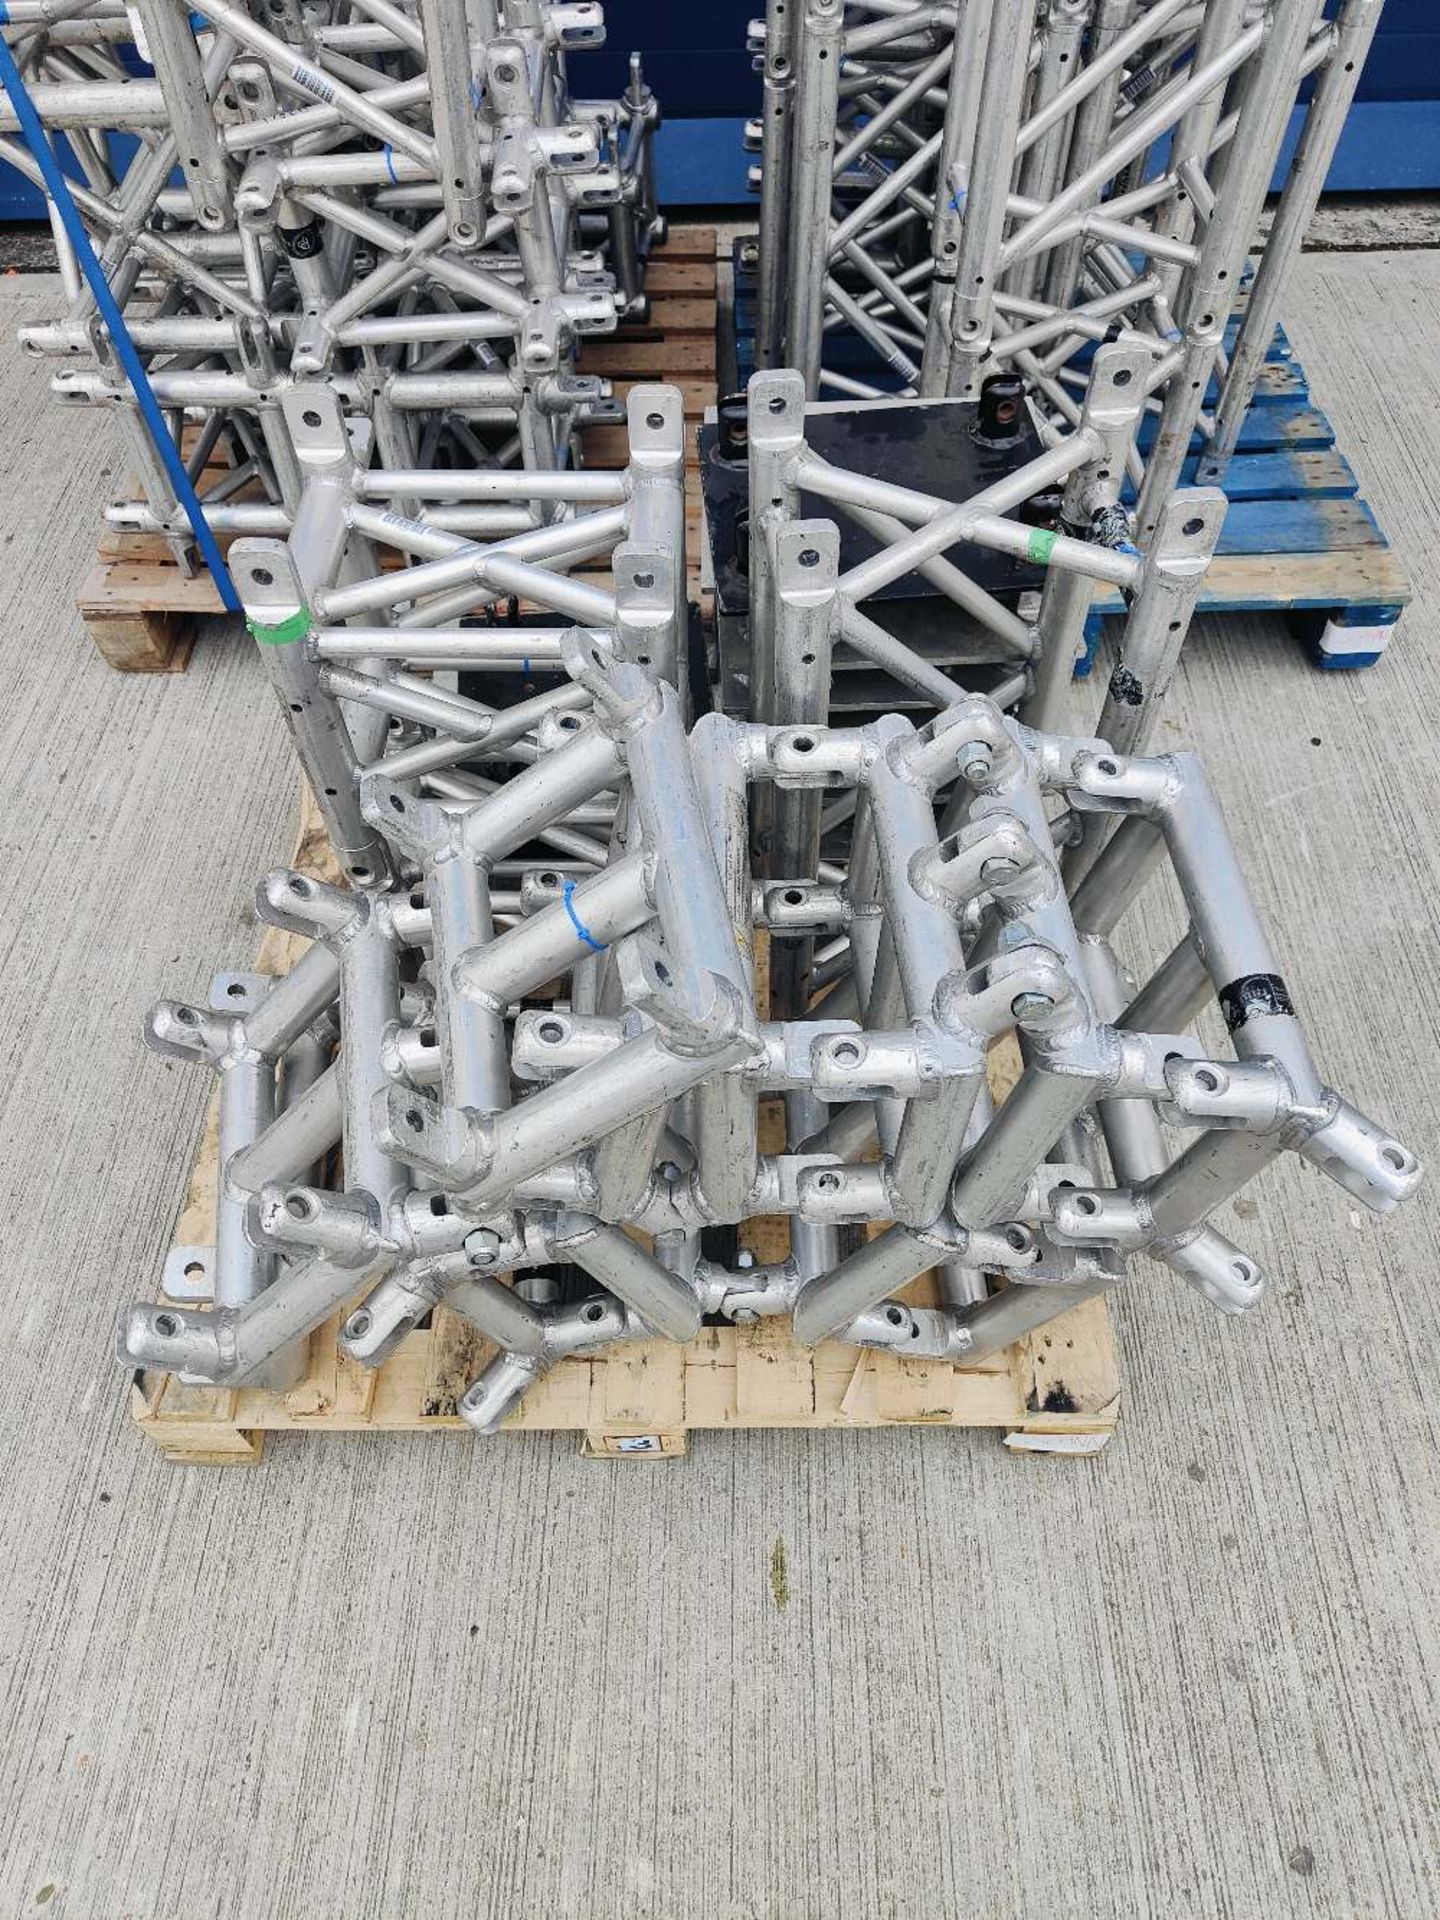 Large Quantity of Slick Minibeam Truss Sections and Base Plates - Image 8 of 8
++++++
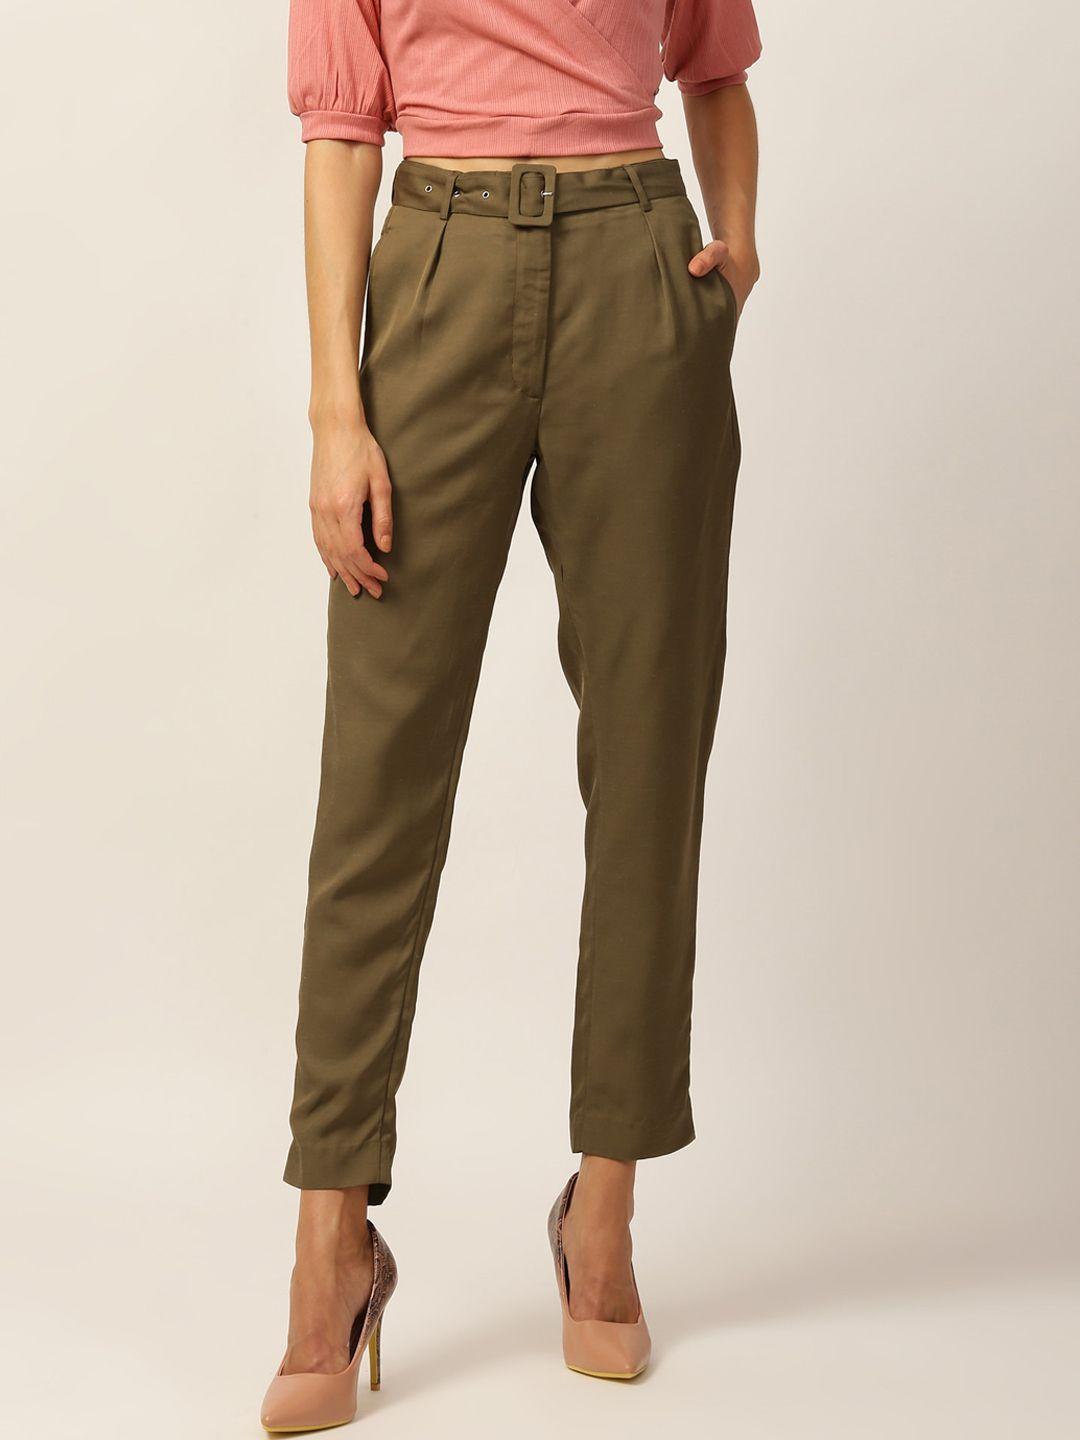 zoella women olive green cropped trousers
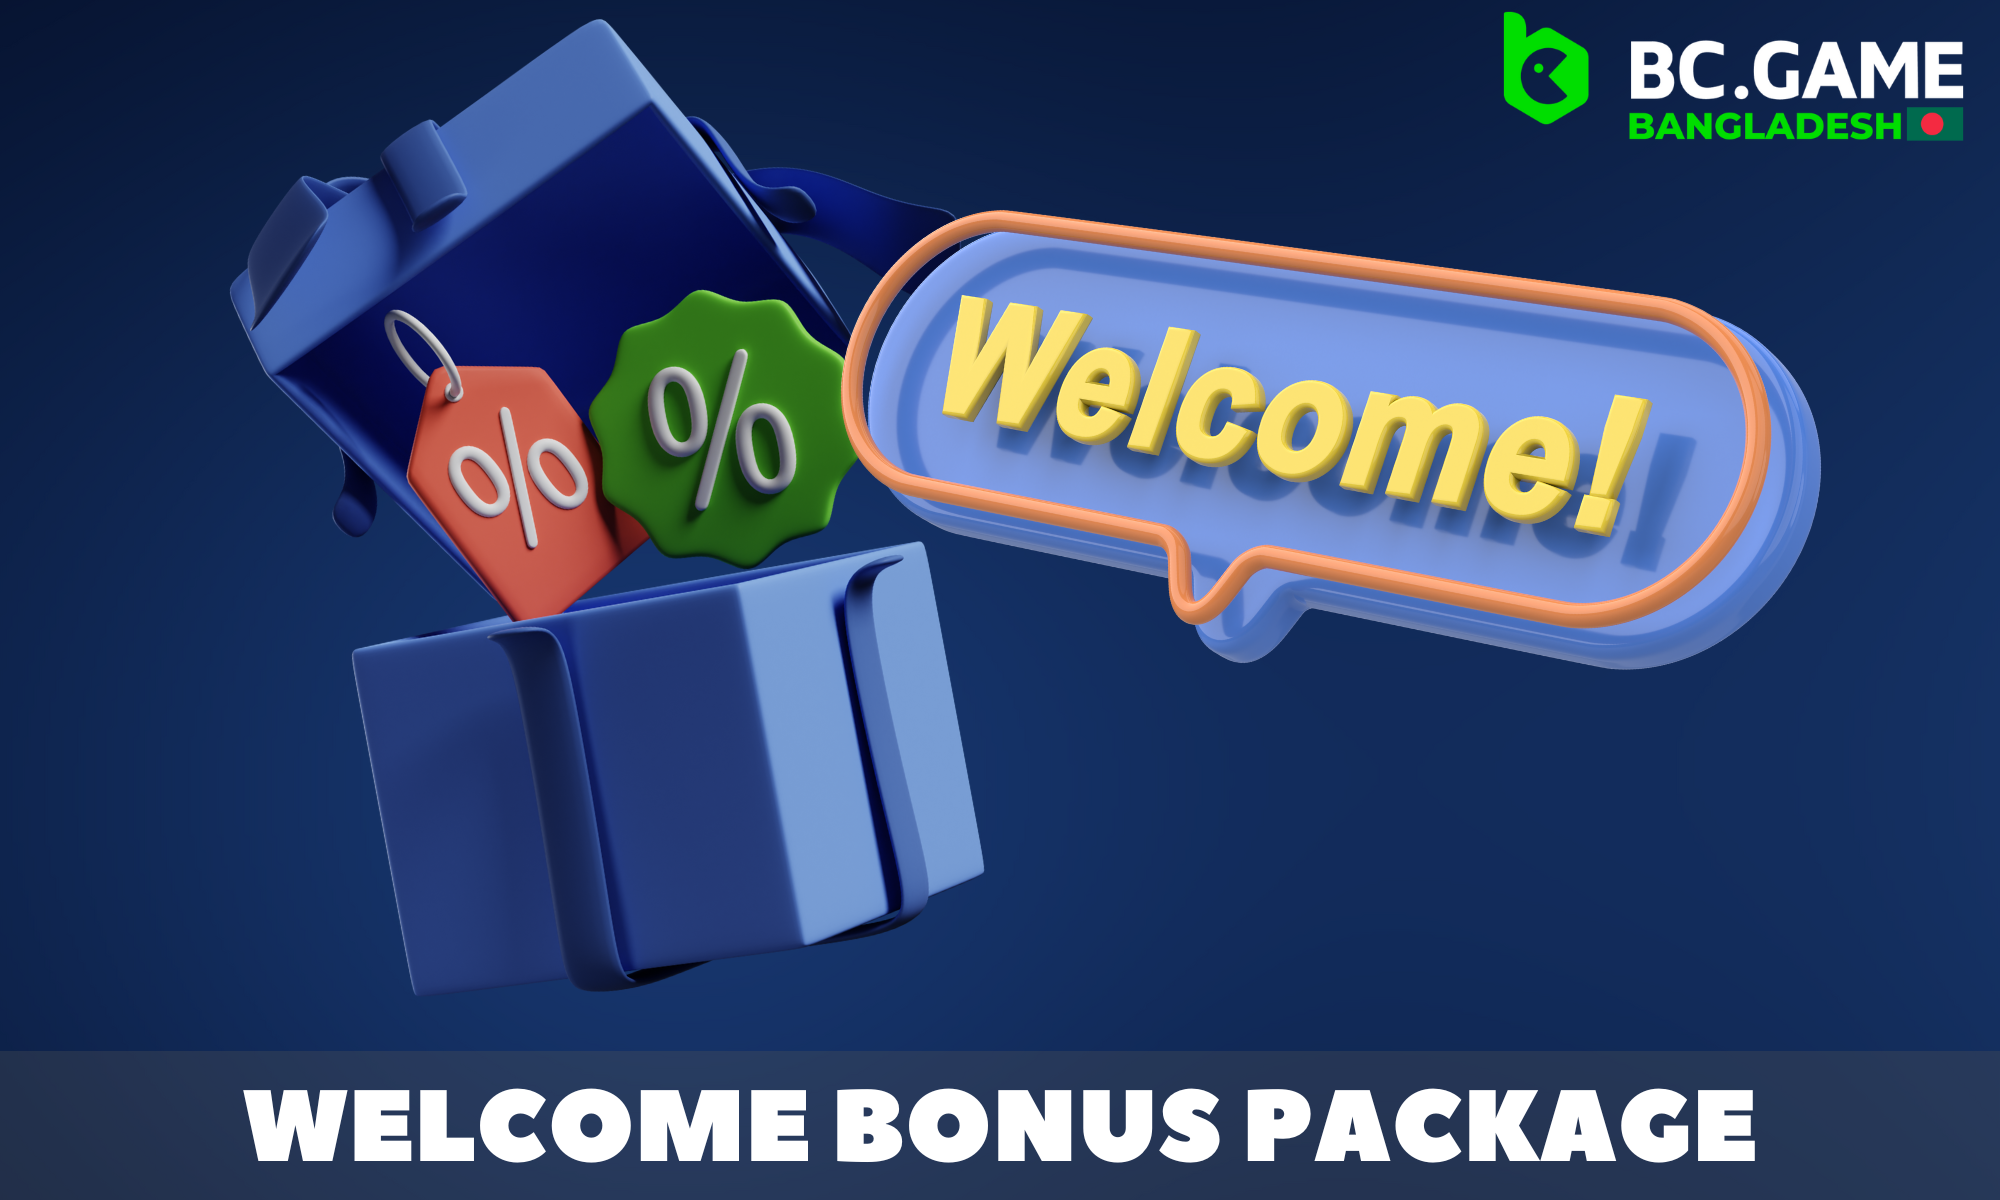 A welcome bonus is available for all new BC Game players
++++++
[What to work on]: Extract from the material above the stretch running from the line containing "zoella women olive green cropped trousers" through the line containing "A welcome bonus". Keep the text exact and the pictures out.

[Reply to the exercise]:
 zoella women olive green cropped trousers
 A welcome bonus is available for all new BC Game players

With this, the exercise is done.